The quantities involved in programming are not all of variable types alone. Some of the quantities do not change their values as variables do. They are called constants.
A constant is an entity with fixed value that does not change. It can be stored at a location in the memory of the computer and can be referenced through that memory address. There are four basic types of constants in C, viz. integer constants, floating- point constants, character constants and string constants. Composite types may also have constants.
Integer and floating-point constants represent numbers.
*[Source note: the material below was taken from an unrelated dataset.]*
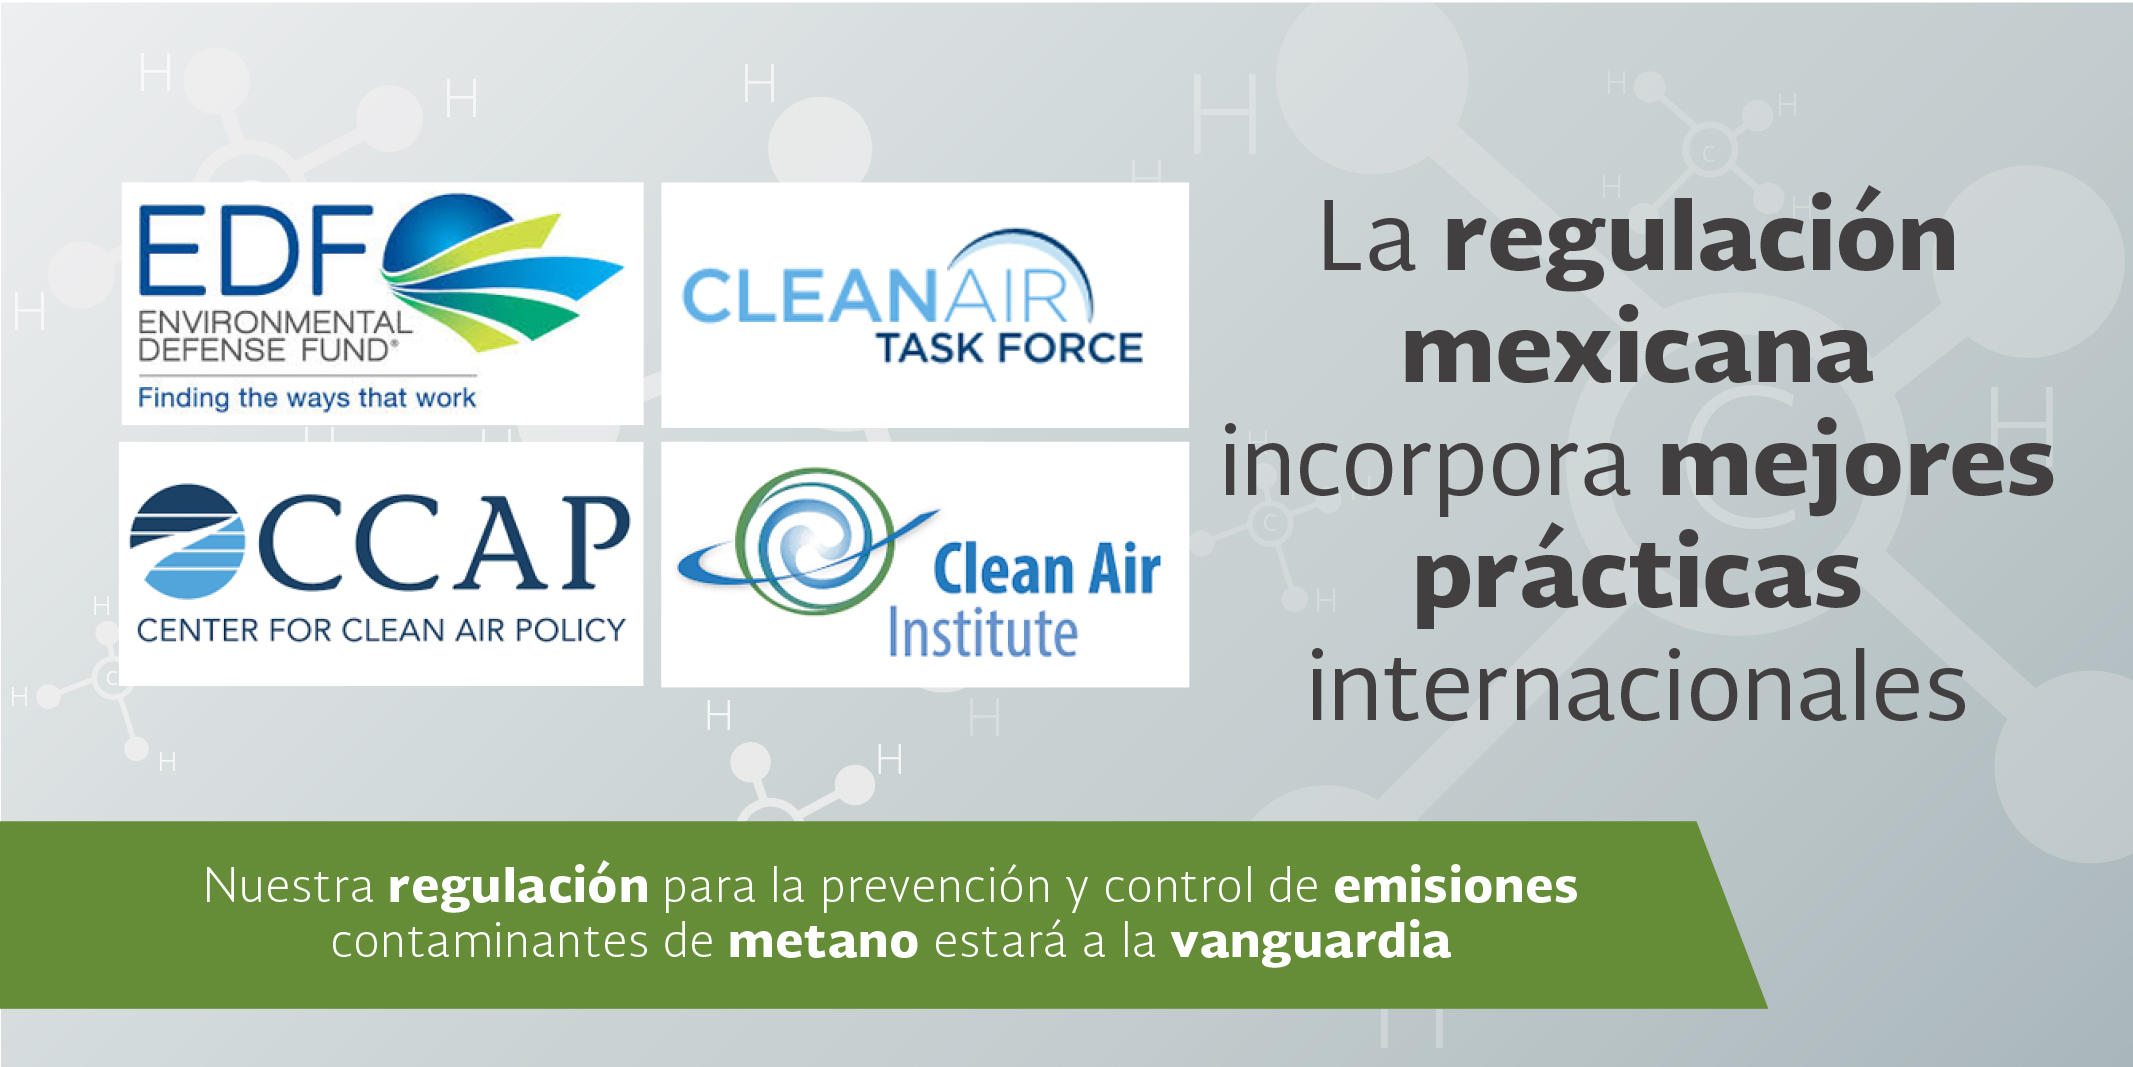 La regulación mexicana incorpora mejores prácticas internacionales

They are often referred to collectively as numeric-type constants.
C imposes the following rules while creating a numeric constant type data item:
Commas and blank spaces cannot be included within the constants
• The constant can be preceded by a minus(-) sign if desired.
• Value of a constant cannot exceed specified maximum and minimum bounds.
For each type of constant, these bounds will vary from one C-compiler to
another.
Constants are the fixed values that remain, unchanged during the execution of a program and are used in assignment statements Constants can also be stored in variables.
The declaration for a constant in C language takes the following form:
const datatype var_name = value;

Exapmle: const float pi = 22/7;

This declaration defines a constant named pi whose value remains 22/7 throughout the program in which it is defined.
C language facilitates five different types of constants.
1. Character
2. Integer
3. Real
4. String
5. Logical
Character Constants: A character constant consists of a single character, single digit, or a single special symbol enclosed within a pair of single inverted commas. The maximum length of a character constant is one character.
Ex.:'a' is a character constant
Ex.: 'd' is a character constant
Ex.: 'P' is a character constant
Ex.: '7' is a character constant
Ex.: '*' is a character constant
Integer Constants: An integer constant refers to a sequence of digits and has a numeric value. There are three types of integers in C language: decimal, octal, hexadecimal.
Decimal integers : 1,56, 7657,-34 etc.
Octal integers : 076, -076,05 etc. (preceded by zero, 0)
Hexadecimal integers : 0x56, -0x5D etc. (preceded by zero, Ox)
No commas or blanks are allowed in integer constants.
Real or floating point Constants: A number with a decimal point and an optional preceding sign represents a real constant.
Exapmle: 34.8, -655.33, .2, -.56, 7.
Note that 7 is an integer while 7. or 7.0 is real.
Another notation (called scientific notation) for real constants consists of three parts:
i) A sign (+ or 0) preceding the number portion (optional).
ii) A number portion
iii) An exponent portion following the number portion (optional). It
starts with E or e followed by an integer. Which may or may not
be preceded by a sign.
Example:




Valid Representations


Invalid Representations


+ . 72


12 (no decimal)


+ . 72


12 (no decimal)


+ 72.


7.6 E + 2.2(non integer exponent)


+ 7.6 E + 2


1.2 E9229892(very large exponent)


24.4e-5

String Constants: A string constant is a sequence of one or more characters enclosed with in a pair of double quotes (" "). If a single character is enclosed within a pair of double quotes, it will also be interpreted as a string constant and not a character constant.
Exapmle:
1. "Welcome To C Programming \ n"
2. "a"
Actually, a string is an array of characters terminated by a NULL character. Thus, "a" is a string consisting of two characters, viz. 'a' and NULL('\0')
Logical Constants:A logical constant can have either true value or false value. In C, a non zero value is treated as true while 0 is treated as false.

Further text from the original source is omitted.